2011-06-05 Thread Peter Robinson
On Sun, Jun 5, 2011 at 8:02 AM, Bernie Innocenti ber...@sugarlabs.org wrote:
 (hey, is the clock of your computer set correctly? your message appears
 to be one day old!)

 On Sat, 2011-06-04 at 20:37 -0400, David Farning wrote:
  There was some discussion at EduJam.

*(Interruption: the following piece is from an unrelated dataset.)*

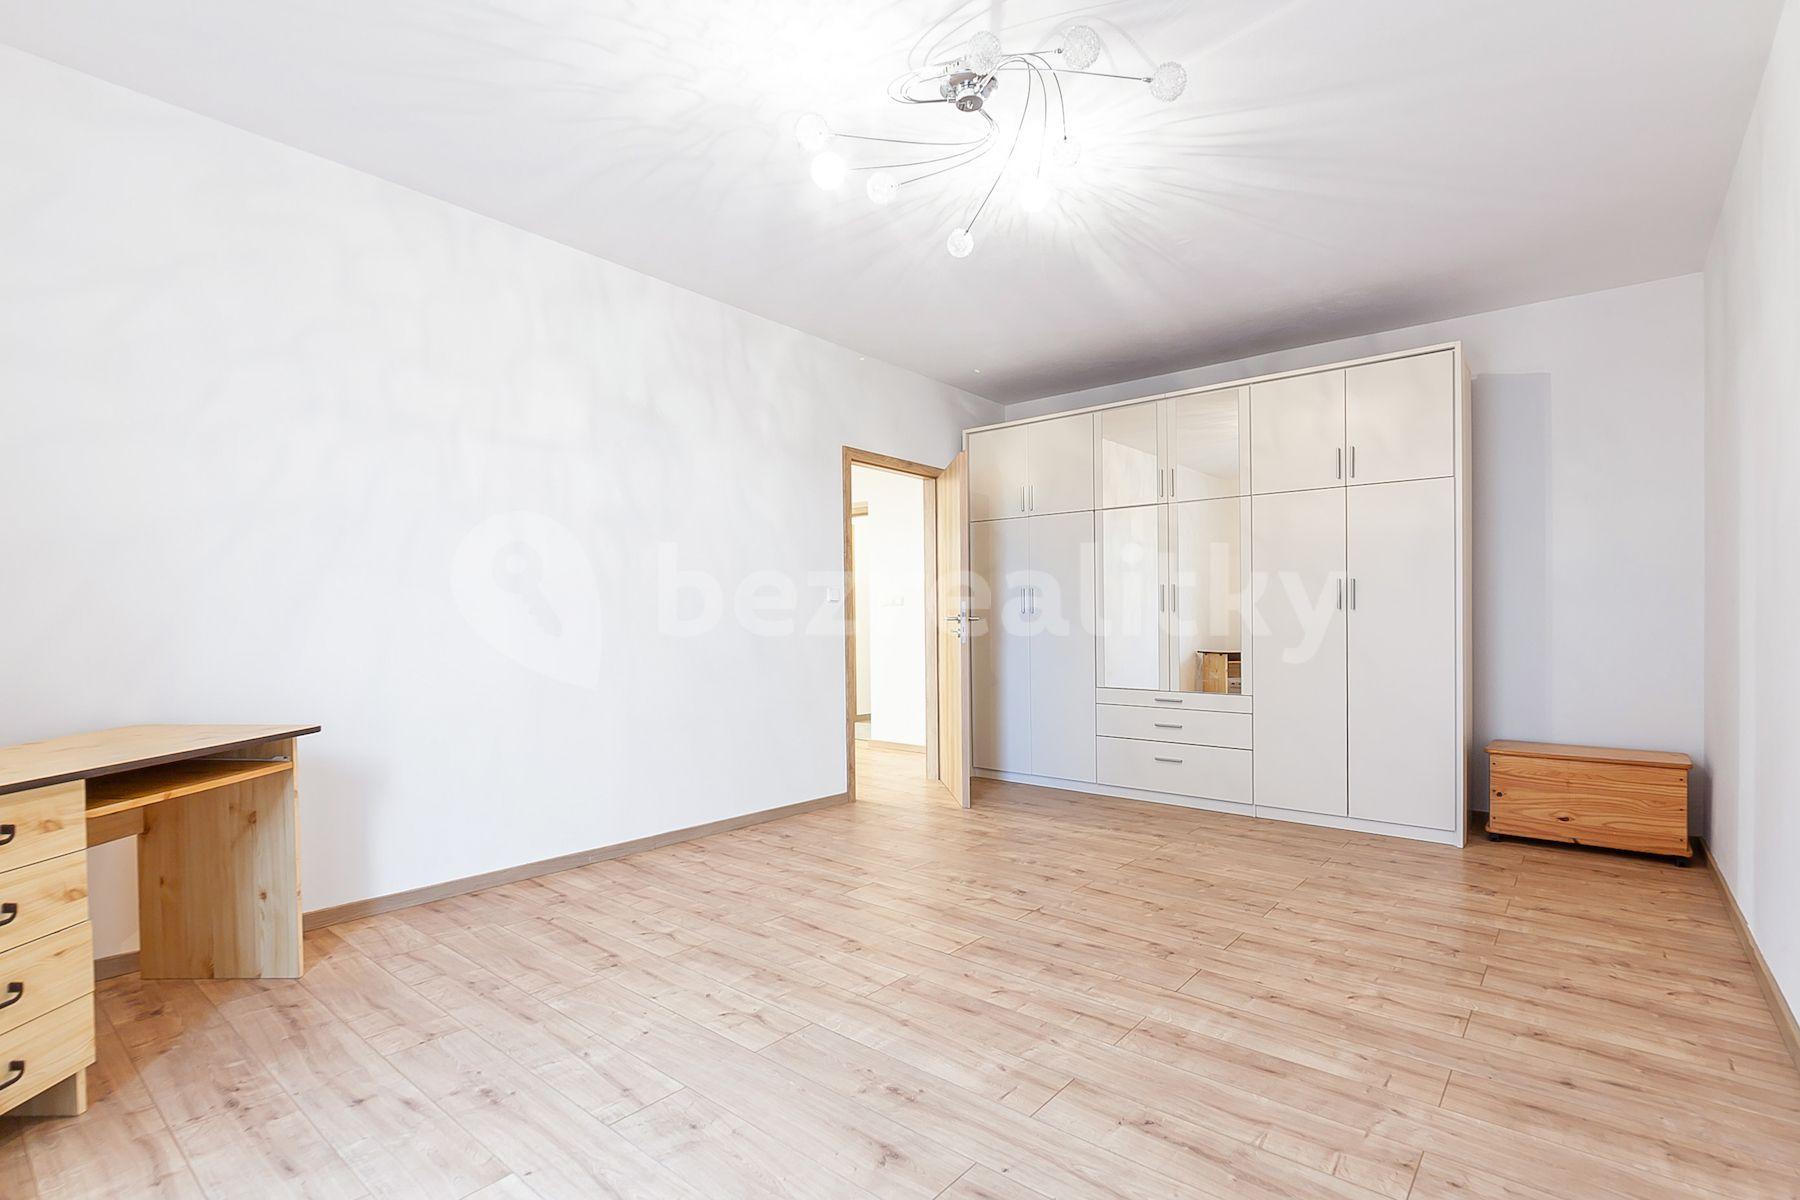 1 bedroom with open-plan kitchen flat for sale, 66 m², Cedrová, Jesenice, Středočeský Region
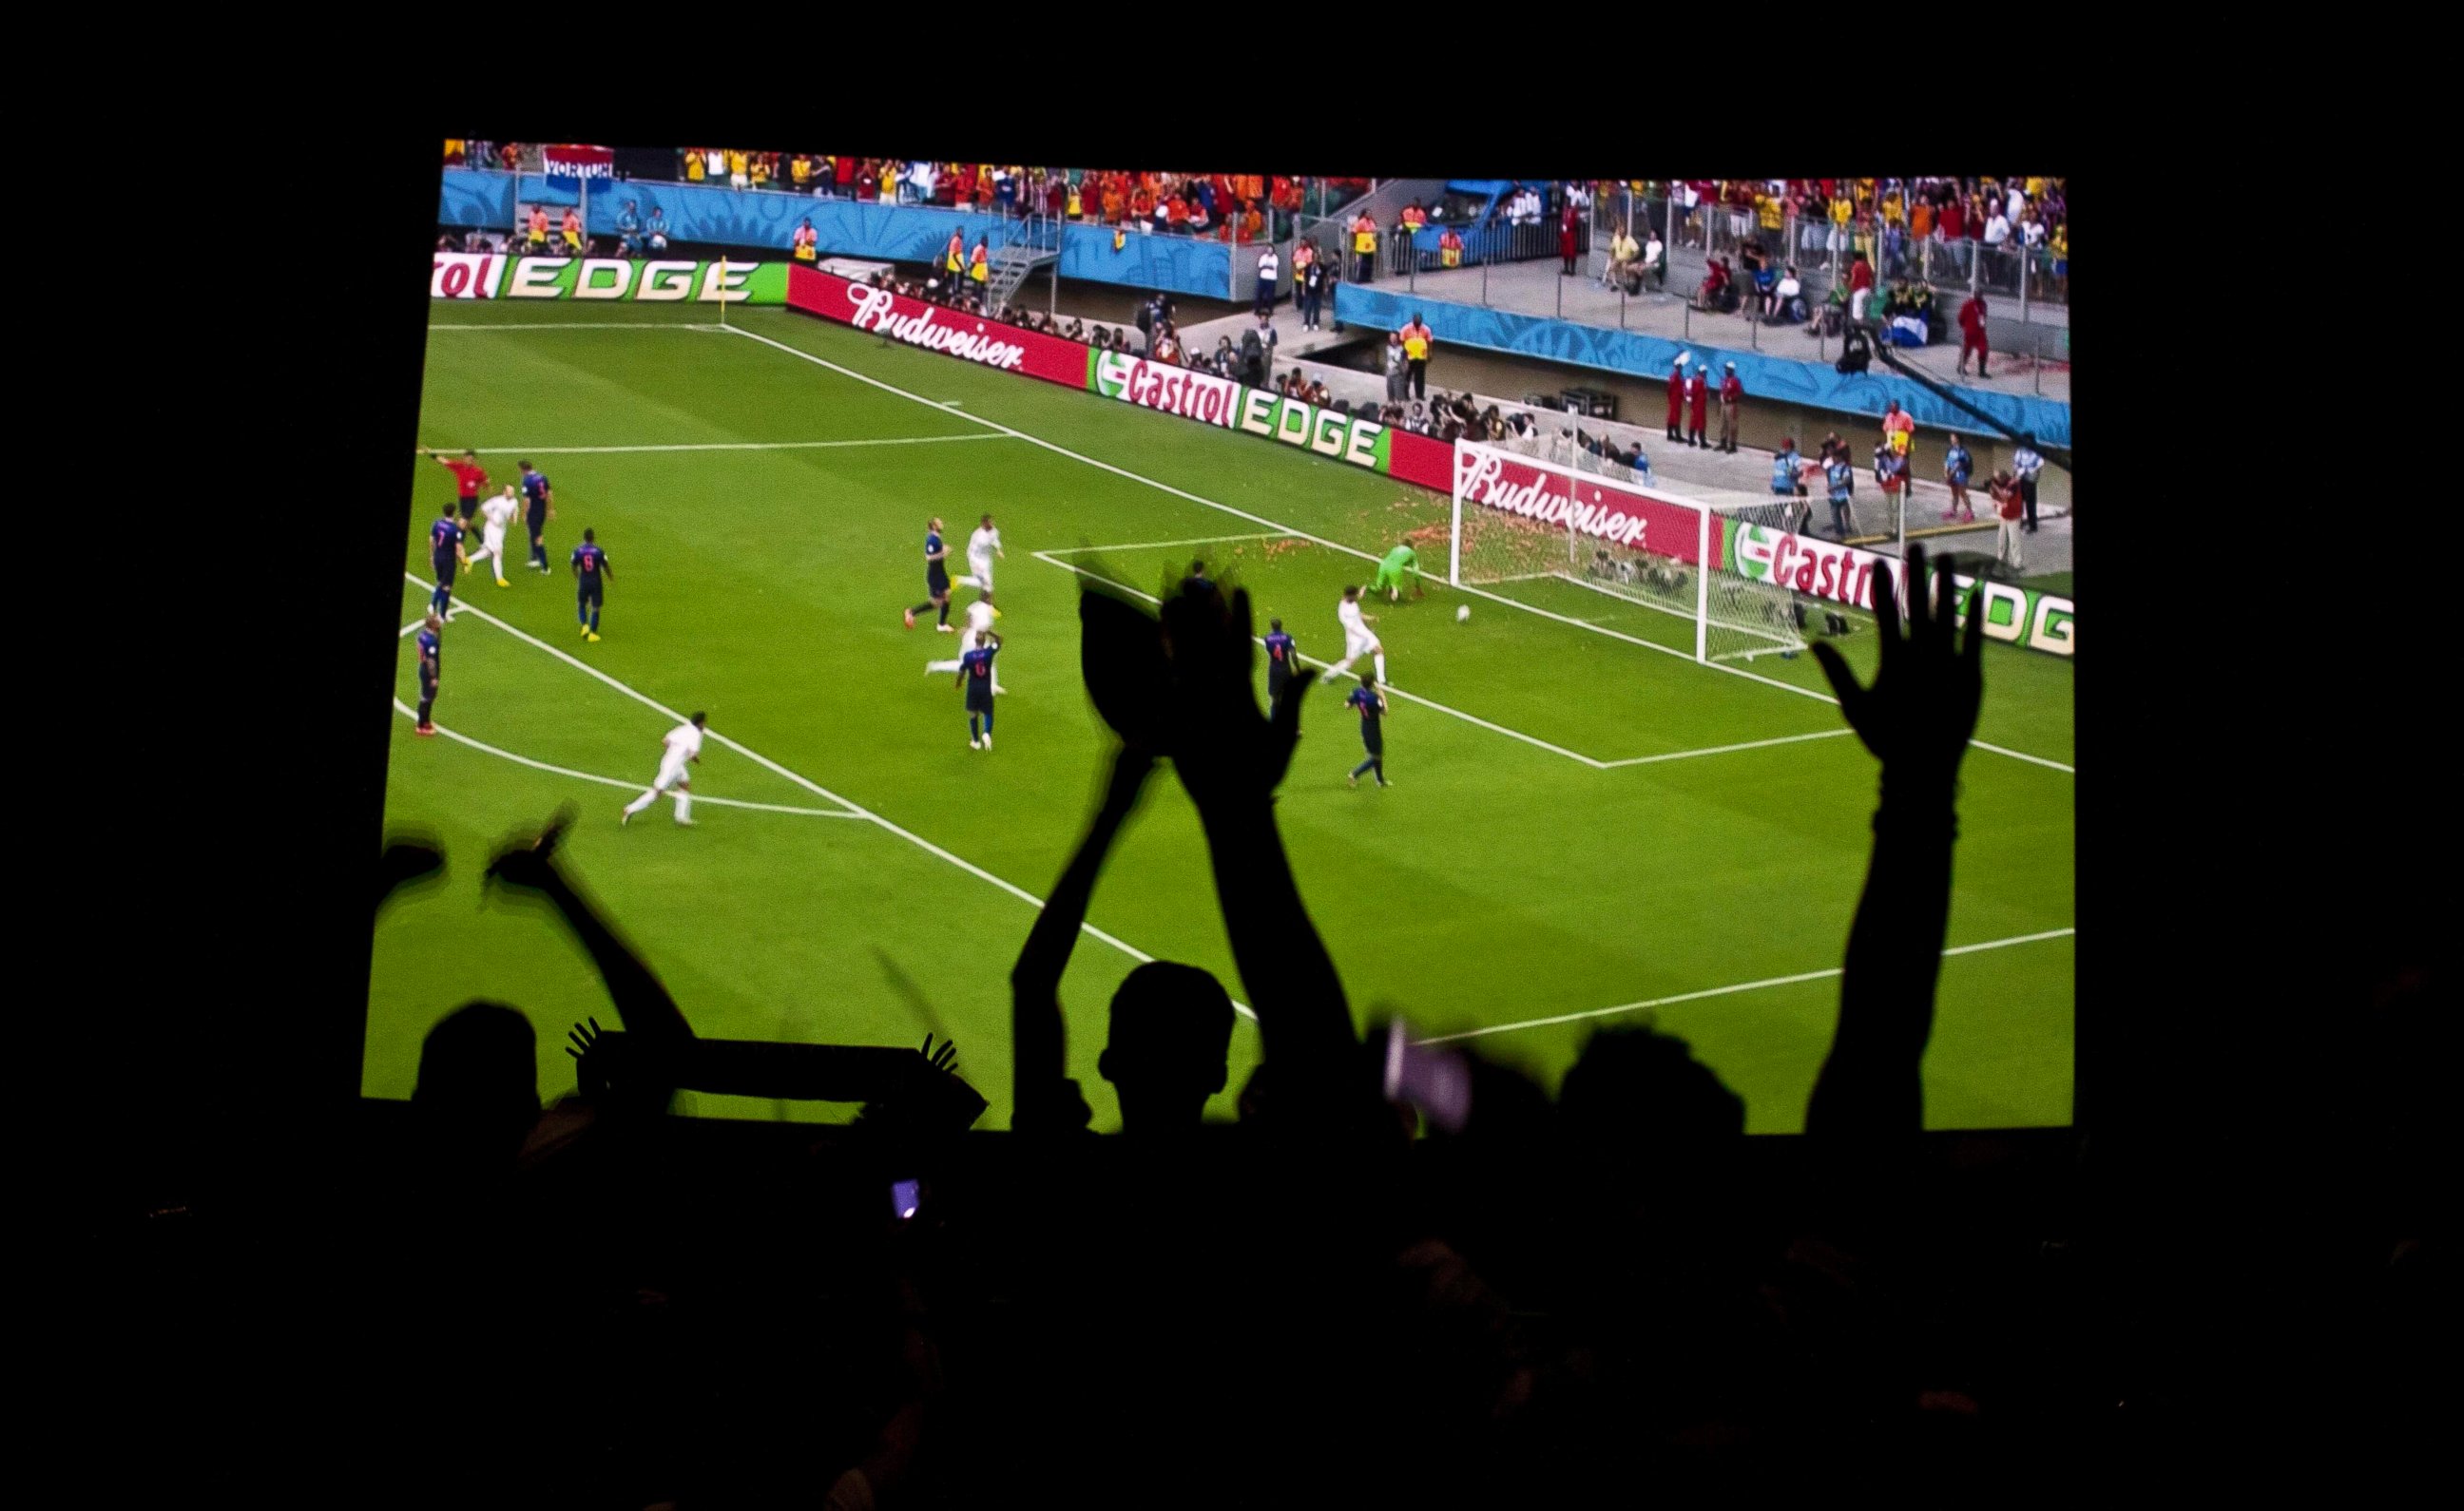 Трансляция футбольных матчей лайв. Футбольные трансляции на большом экране. Спортивные трансляции на ТВ. Футбол на экране. Трансляция футбольного матча.

Browse is currently unmaintained, but
  Simon Schampijer and Gonzalo Odiard expressed interest in working on it. 
  There
  was the question of missing support for the Python bindings of GtkMozEmbed,
  but the problem appears to be solved now.

 What is the solution?

 Ubuntu Natty ships a new version of python-gtkmozembed, which is based
 on xulrunner 2.0. Fedora 15 also has xulrunner 2.0, with Python
 bindings.

 Fedora 14 is still shipping xulrunner 1.9.2, which is roughly equivalent
 to the version used by Firefox 3.6. Backporting things from Fedora 15 is
 going to be a royal pain in the ass, since they have switched everything
 to Gnome 3.

Its not roughly equivalent it is the version being used by FF 3.6.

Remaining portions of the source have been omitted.